Страница 14 из 33
Хорошо ему было не часто, а когда все же бывало хорошо, то только тогда, когда он добивался чего-то в искусстве. Так было и в последний раз, когда он отказался от Мексики, предпочтя ей «Белую гвардию», но не успел ее снять.
18.1.87. Был вечер памяти Ильи, очень хороший, замечательно говорили Клепиков, Андрей Смирнов[167], хуже Финн[168]… А я думал: почему я их не знал? Был так далек от этой среды? Даже на его сорокапятилетии, которое мы праздновали в доме творчества в Репино, не знал почти никого.
Слои его знакомых и даже друзей не пересекались – у него почти никогда не было дома. И это его беда.
И еще, что чувствуется на фото на билете[169]. Он знал себе цену, верил в себя. Кто-то обижался: он не слышит, я, мол, его предупреждал… Нет, слышал, но имел свое мнение…
1.11.87. В мире разное. Иосиф Бродский получил Нобелевскую премию, стал 5-м лауреатом из России. Четыре из них – Бунин, Шолохов, Пастернак, Солженицын, и он – изгой.
Все странно и осознается непросто. Не очень давно Иосиф, Васька, Илья, я, Толя Найман сидели в «Октябрьской». Иосиф читал замечательные стихи: «Плывет в тоске необъяснимой / Среди кирпичного надсада / Ночной караблик негасимый из Александровского сада…» Голос его поднимался по спирали, вбежала горничная, испуганно закричала: «У вас что-то случилось?» Казалось, он не читает – поет. Об этом же говорил Соснора[170]: «Триоле сказала (может, Брик?): Иосиф, Вы шаманите»[171]. Она не понимала ни слова».
3.11.86. Снова была передача об Илье. Его голос, его бормотание о человеке. Говорил, что его не интересует ничто – ни космос, ни что иное – человек самое сложное явление… Потом короткое его совмещение с Полуниным[172], клоуном, – два мастера. Какой приятный кадр.
Господи, из моего окружения эта потеря особенная, больше столь значительных нет! И особая обида, что он не застал этого обновления, сколь бы кратковременным оно ни оказалось. Жаль!
22.3.91. …Юри Туулик[173], очень милый человек и эстонский писатель, так рассказывает о Леннарте Мери, министре иностранных дел Эстонии, друге Ильи Авербаха и моем добром знакомом (я вел его вечер в Доме писателей, встречался в Таллинне, водил к Геннадию Гору).
К Мери приехал профессор и передал привет из Парижа от его знакомого.
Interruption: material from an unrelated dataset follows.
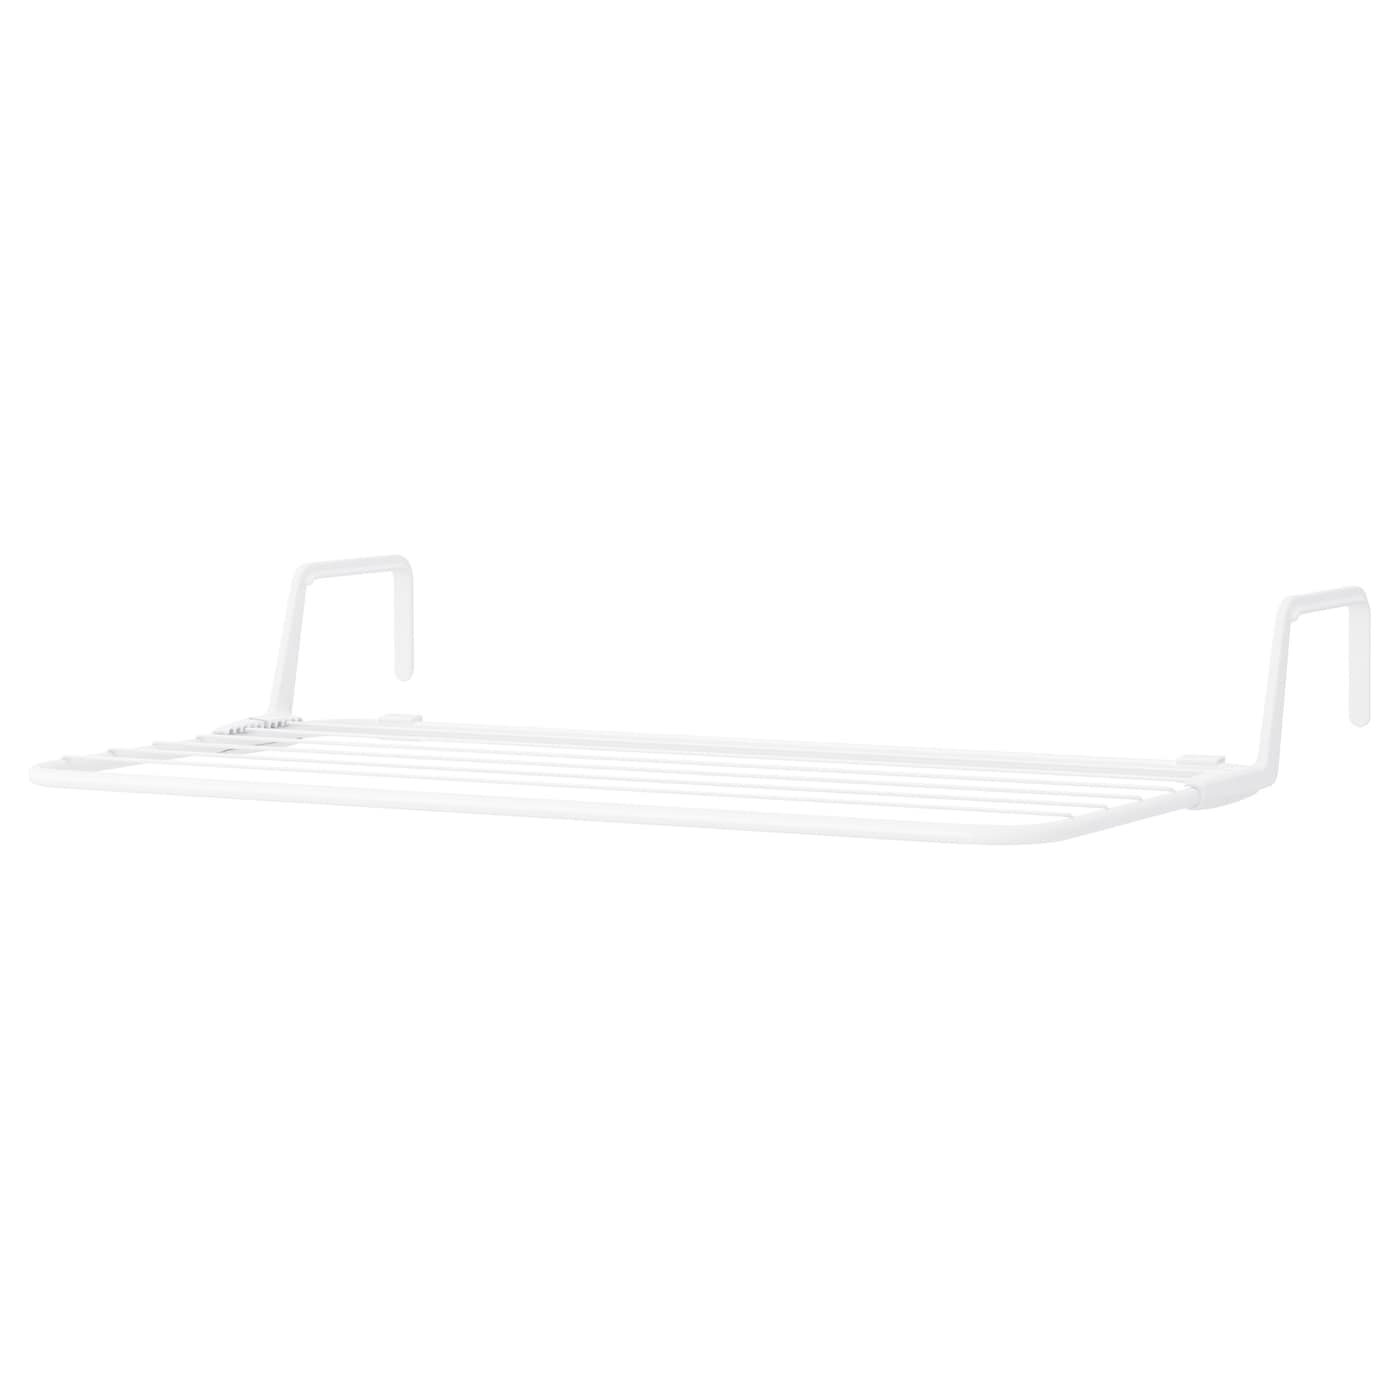 antonius s choir blanc 77 x 40 49 cm ikea. Black Bedroom Furniture Sets. Home Design Ideas

– А, этот старый педераст? – мягко пошутил будущий министр.
– Я не знаю, педераст ли он, но он сказал, что он – ваш друг.
У Гора Леннарт Мери смотрел картины Панкова[174], был потрясен охристыми линиями неба, знаковостью и связью с японским искусством.
Помню, Гор торопливо соглашался, хотя сам об этом не думал. А ведь Мери был прав!
Я – Туулику:
– Юри, вы приобретаете самостоятельность, скоро отделитесь…
Туулик:
– Мы-то готовы, но ваши войска не спешат.
21.12.92. Вышел в двух театрах «Палоумыч» – смеются, но я недоволен. Лемке[175] не понял, что пьеса о любви, – все превратил в буфф. Я представляю, как негодовал бы Илья Авербах, если бы увидел эту клоунаду. Мне дурно становится от одной этой мысли.
30.12.96. Читаю Л. К. Чуковскую об Ахматовой – последний уже журнал[176]. Очень здорово! Вдруг в комментариях увидел, что многие из названных людей умирали в возрасте меньше моего. И тут же вспомнил Илью Авербаха. 11.1. будет еще одна годовщина. Уже одиннадцать лет как нет его. Очень жалко! Мудрый, талантливый и очень близкий мне человек.
Глава третья
«Гор сказал…»
(Геннадий Гор)
В судьбе отца его старшему товарищу Геннадию Гору (1907–1981) принадлежит особое место. О чем тут сказать прежде всего? Да, Гор его «вывел в люди» – написал предисловие к первой книге и потом постоянно поддерживал. Да, отец написал роман «…Вечности заложник», в одном из героев которого узнается Гор. К тому же он, этот герой по фамилии Фаустов, позаимствованной из горовского «Изваяния», пишет стихи – те самые блокадные стихи Геннадия Самойловича, которые сейчас стали знаменитыми, а тогда публиковались впервые[177].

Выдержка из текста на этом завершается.